На бугре, в окопе, поросшем травой, сидят руководители разбитых отрядов. Вот Шанчевич, он прекрасно одет - легла ему дорожка пройти мимо склада, и одежда сама собой наделась на него. Что до меня, так я бы на его месте чувствовал себя не в своей тарелке; однако Шанчевич, напротив, считает вполне нормальным то обстоятельство, что он одет лучше других. На всех разномастные шапки, но до чего же одинаковы лица под этими шапками - их породнили голод, тревога и ночные переходы. Над растянувшимися ртами со страшным оскалом зубов заострились носы.

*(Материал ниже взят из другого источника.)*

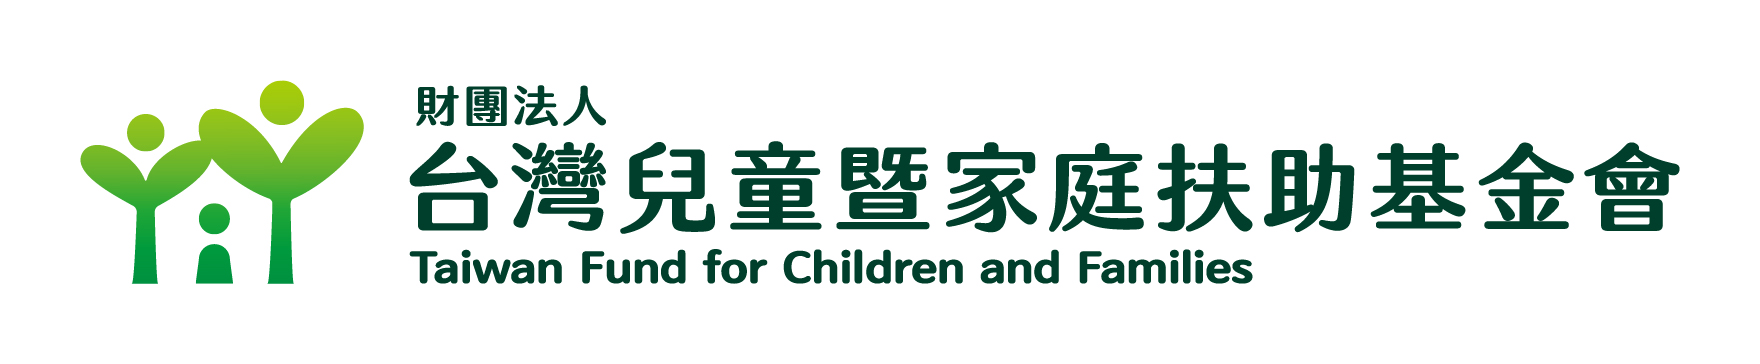 從福祉觀點看家庭支持與育兒政策國際研討會-台灣兒童暨家庭扶助基金會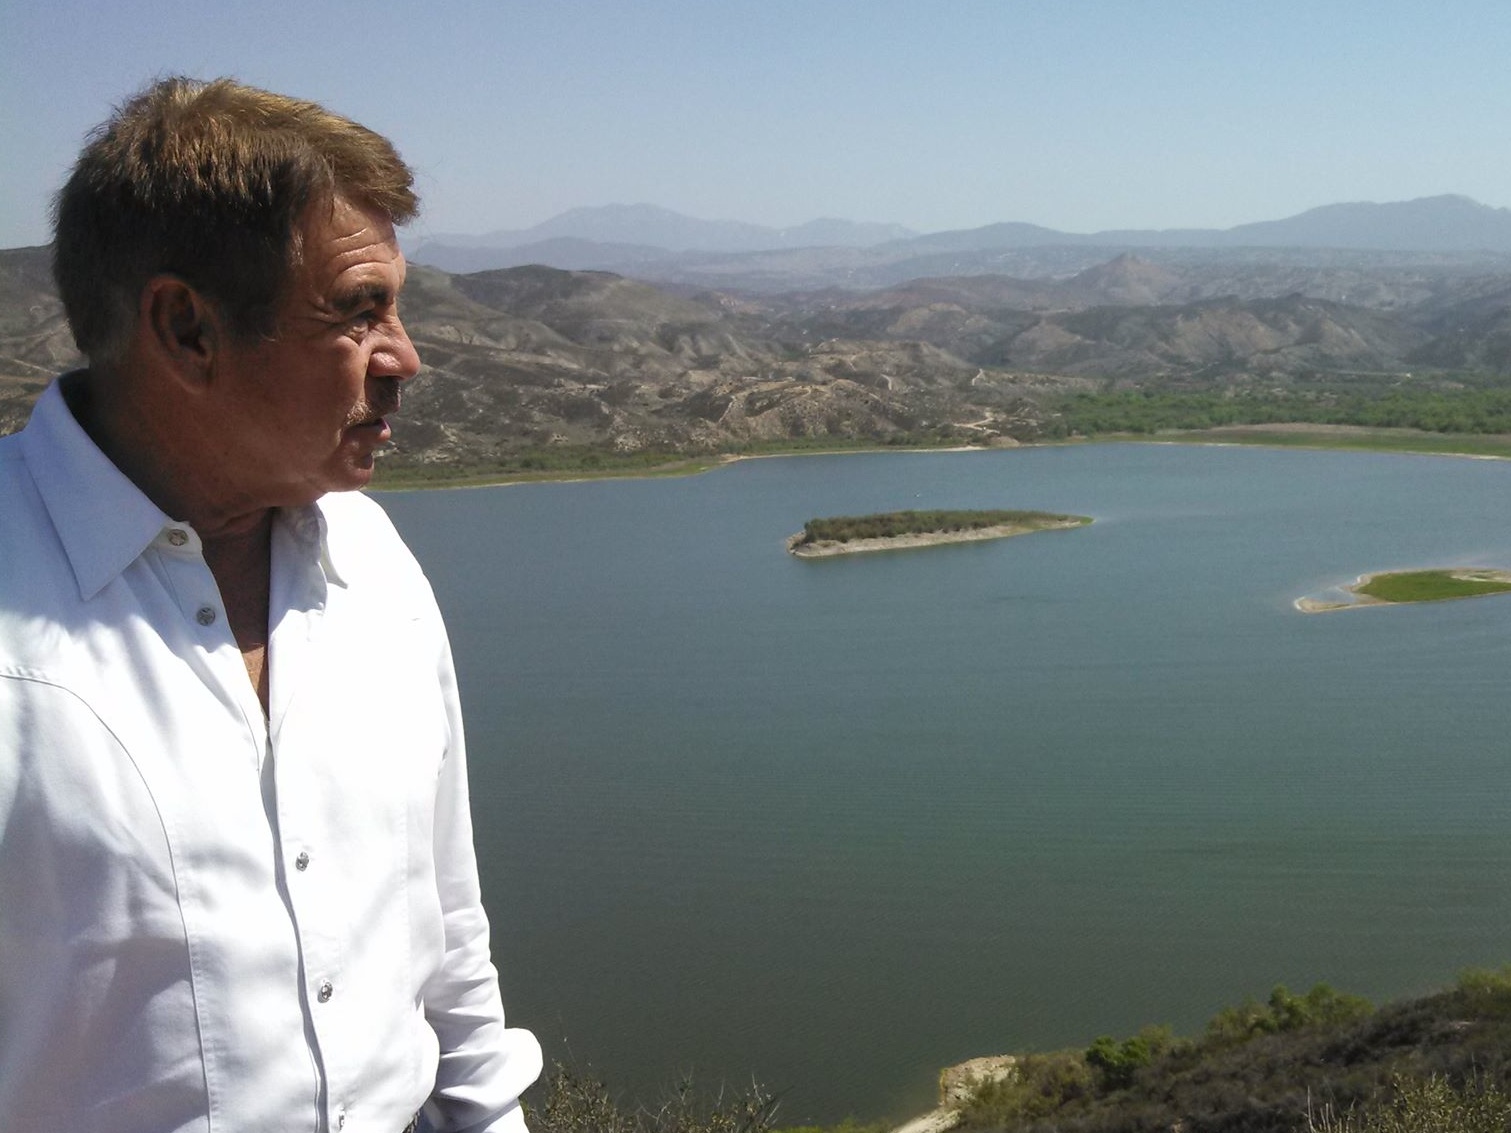 Federal Land Grab Comes to California at Vail Lake

Незнакомец принял бы нас за родственников, за двоюродных братьев из какого-то рода, над которым тяготеет проклятие, но он все же упорно цепляется за жизнь и никак не может угомониться. Безобразный род, костлявый, с облупленной кожей, тощий, бесцветный, с тяжелым взглядом насмешливых глаз, вперившихся в Байо, который с новой силой ратует за осторожность, превознося ее над всеми прочими добродетелями, свойственными людям.

- Мы сейчас переживаем период гонений, - вещает Байо, - поэтому каждый из нас должен иметь глаза на затылке.

- Мы и без того хороши, - бурчит Василь, - только этого нам еще недоставало.

- Когда идут двое, - продолжает Байо, - один должен смотреть направо, другой - налево.

- А замыкающий, - подхватывает Магич, - пусть исхитрится и ползет задом наперед, наподобие рака.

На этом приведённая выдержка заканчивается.